**Task directions**
Every line of the listing below should come back exactly as written, with no images.

**Information supplied**
-- Opening Marker --

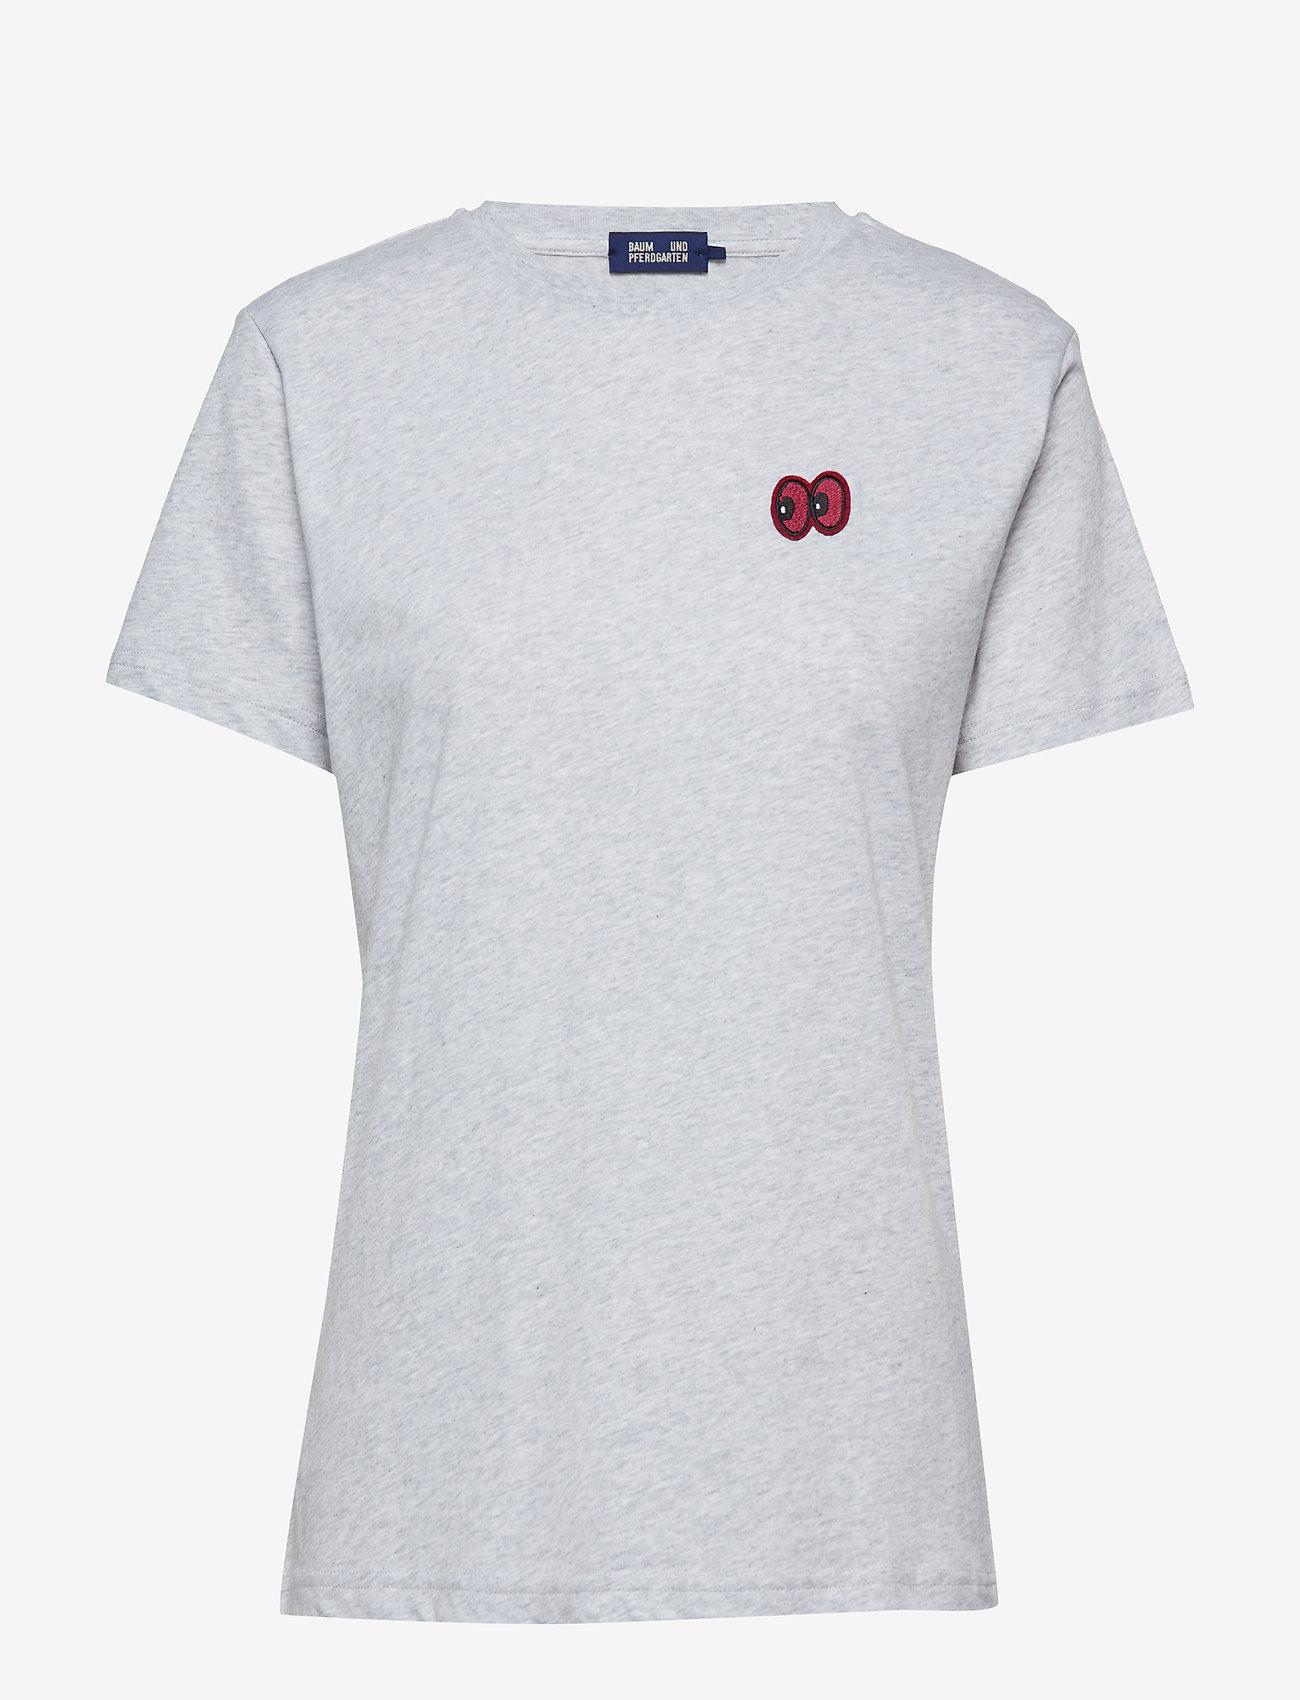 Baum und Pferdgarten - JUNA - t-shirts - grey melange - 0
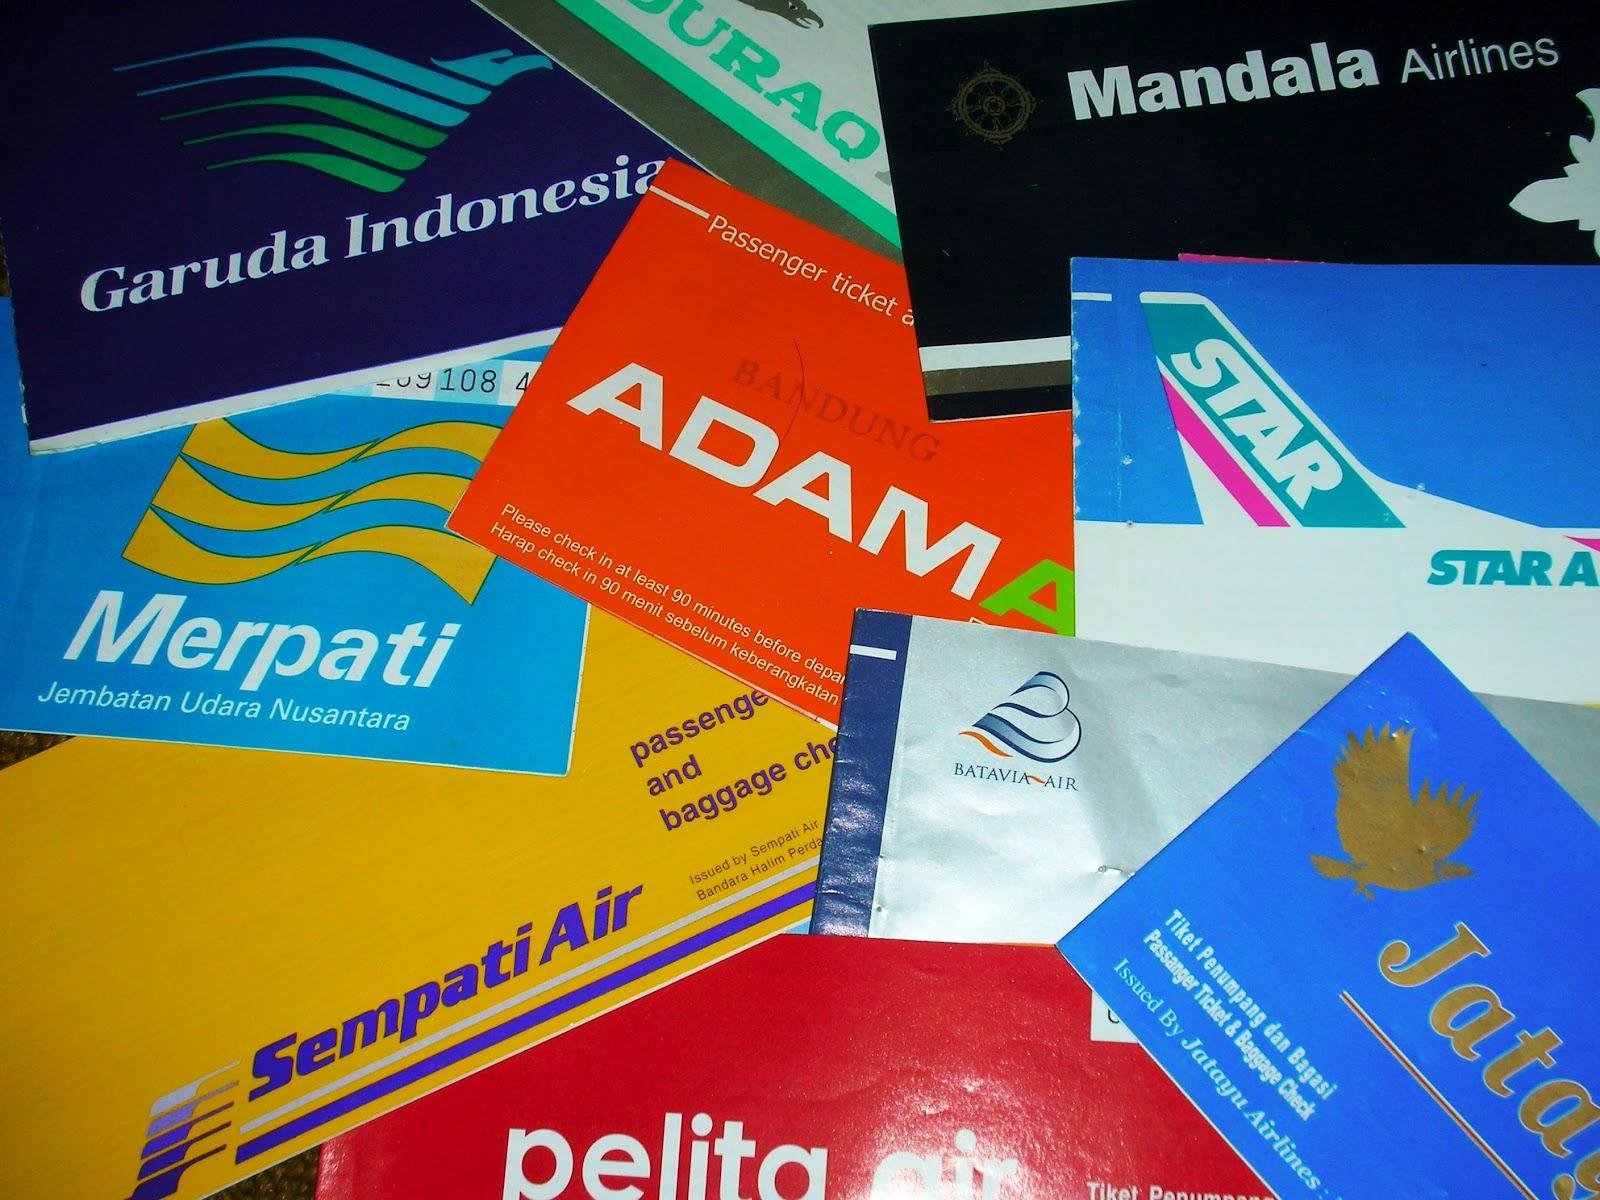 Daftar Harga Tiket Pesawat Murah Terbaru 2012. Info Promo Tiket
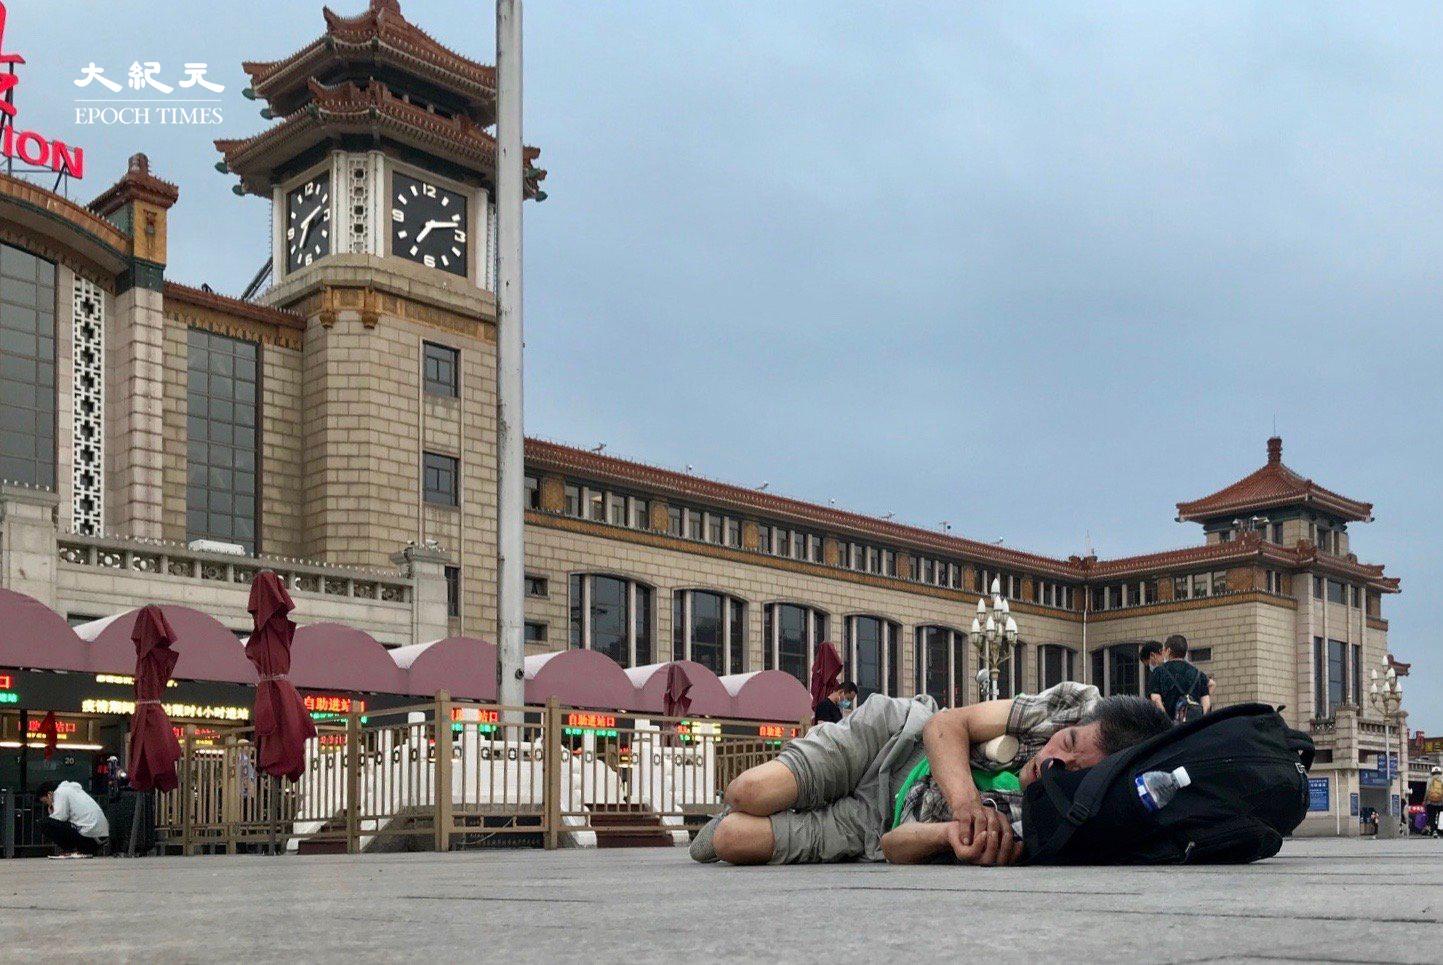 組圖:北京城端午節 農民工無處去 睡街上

-- Closing Marker --

**Solved exercise**
 Baum und Pferdgarten - JUNA - t-shirts - grey melange - 0
 Daftar Harga Tiket Pesawat Murah Terbaru 2012. Info Promo Tiket
 組圖:北京城端午節 農民工無處去 睡街上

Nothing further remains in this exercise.